Journal of Molecular Medicine volume 93pages 1131–1143 (2015)Cite this article

Abstract

Influenza A virus (IAV) infects macrophages and stimulates innate immunity receptors and sensors to produce proinflammatory cytokines and chemokines, which are responsible for IAV-induced pulmonary inflammation and injury. Decoy receptor 3 (DcR3) is a soluble protein belonging to the tumor necrosis factor receptor superfamily (TNFRSF), and is able to skew macrophage differentiation into an M2 phenotype. We demonstrated that DcR3 attenuated IAV-induced secretion of proinflammatory cytokines and chemokine from macrophages, and mitigated pulmonary infiltration and reduce lethality. Proteome-wide phosphoproteomic mapping revealed that DcR3 not only activated STK10, a negative regulator of cell migration, but also inactivated PKC-α, which are crucial for the activation of ERK and JNK in human macrophages. Furthermore, less pulmonary infiltration with lower levels of proinflammatory cytokines and chemokine in bronchoalveolar lavage fluid (BALF) were observed in DcR3-transgenic mice. Moreover, recombinant DcR3.Fc and heparan sulfate proteoglycan binding domain of DcR3.Fc (HBD.Fc) fusion proteins attenuated weight loss and protected mice from IAV-induced lethality.
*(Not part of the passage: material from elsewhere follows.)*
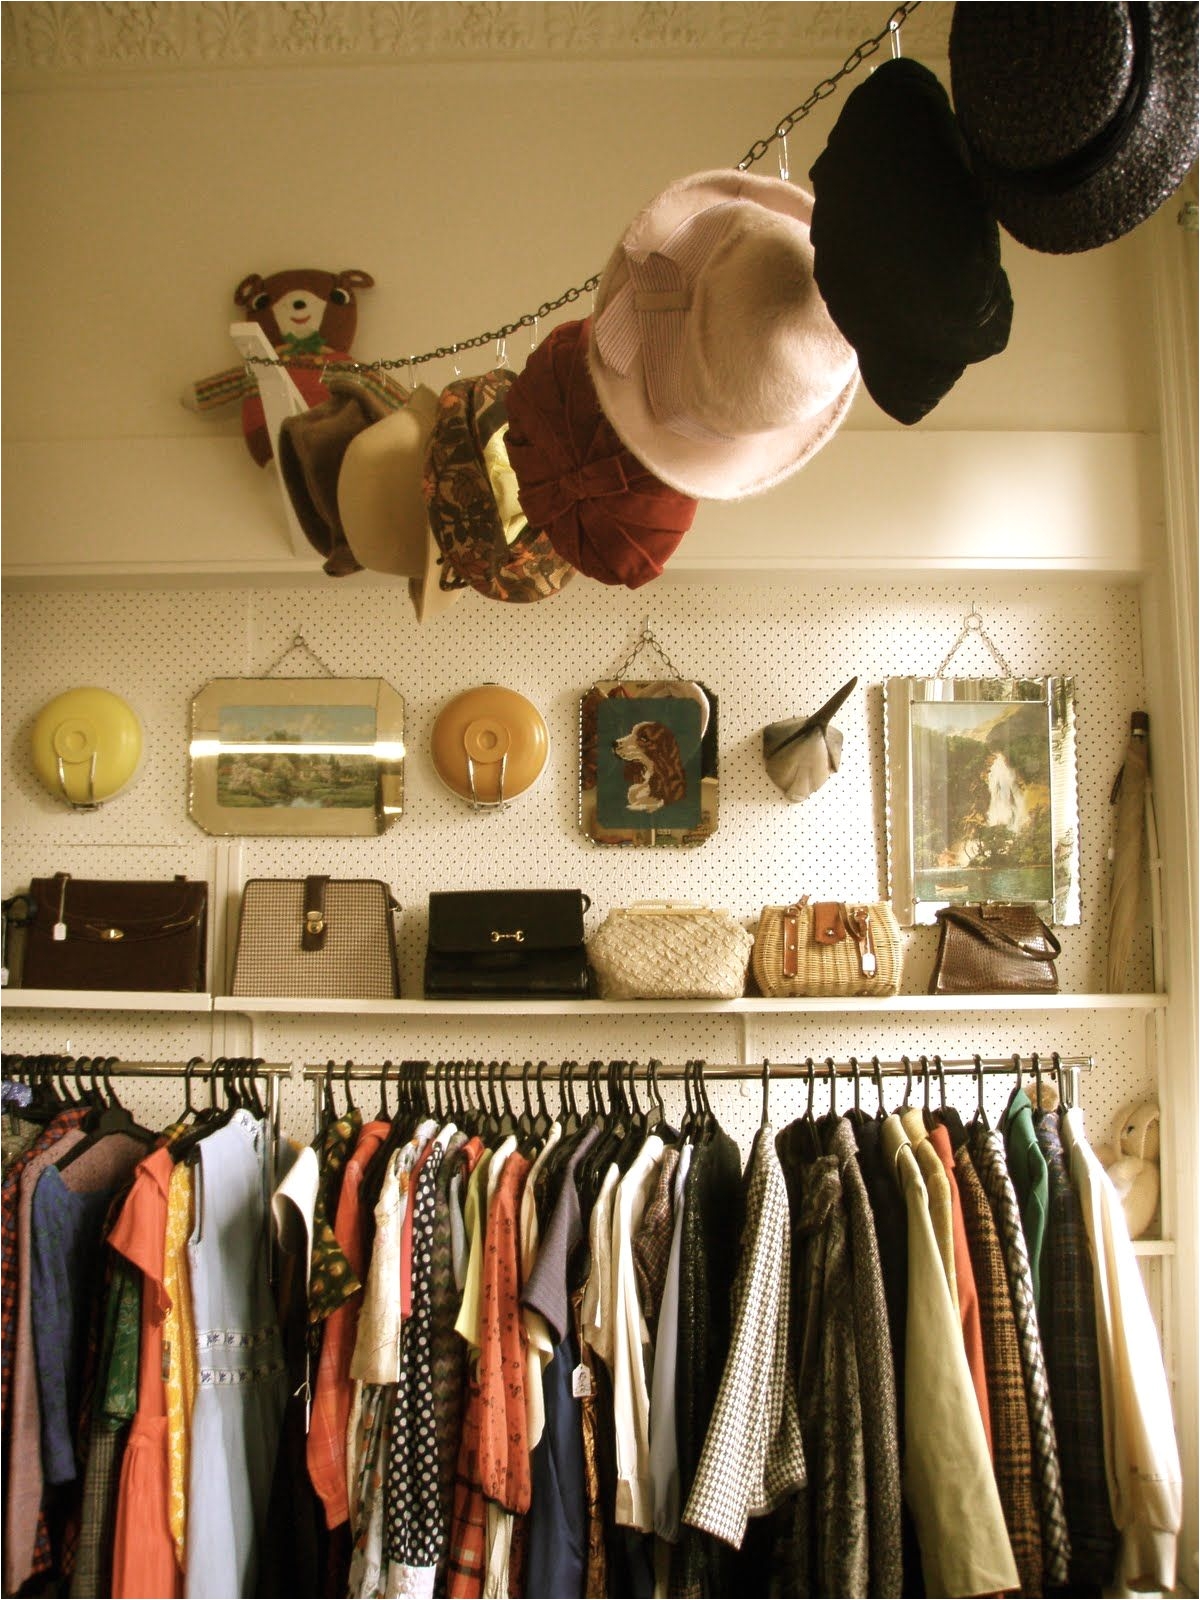 hat storage idea clothes pins s hooks or curtain hangers decorated top shelf area of the closet with purses extras

Thus, DcR3-mediated protection is not only via suppression of proinflammatory cytokine and chemokine release, but also via activation of STK10 to inhibit cell infiltration. DcR3 fusion proteins may become therapeutic agents to protect host from IAV-induced lethality in the future.

Key message

• DcR3 suppresses IAV-induced cytokine secretion.

• DcR3 inhibits IAV-induced JNK and ERK activation in human macrophages.

• DcR3 downregulates TLR3 and 7 expressions in human macrophages.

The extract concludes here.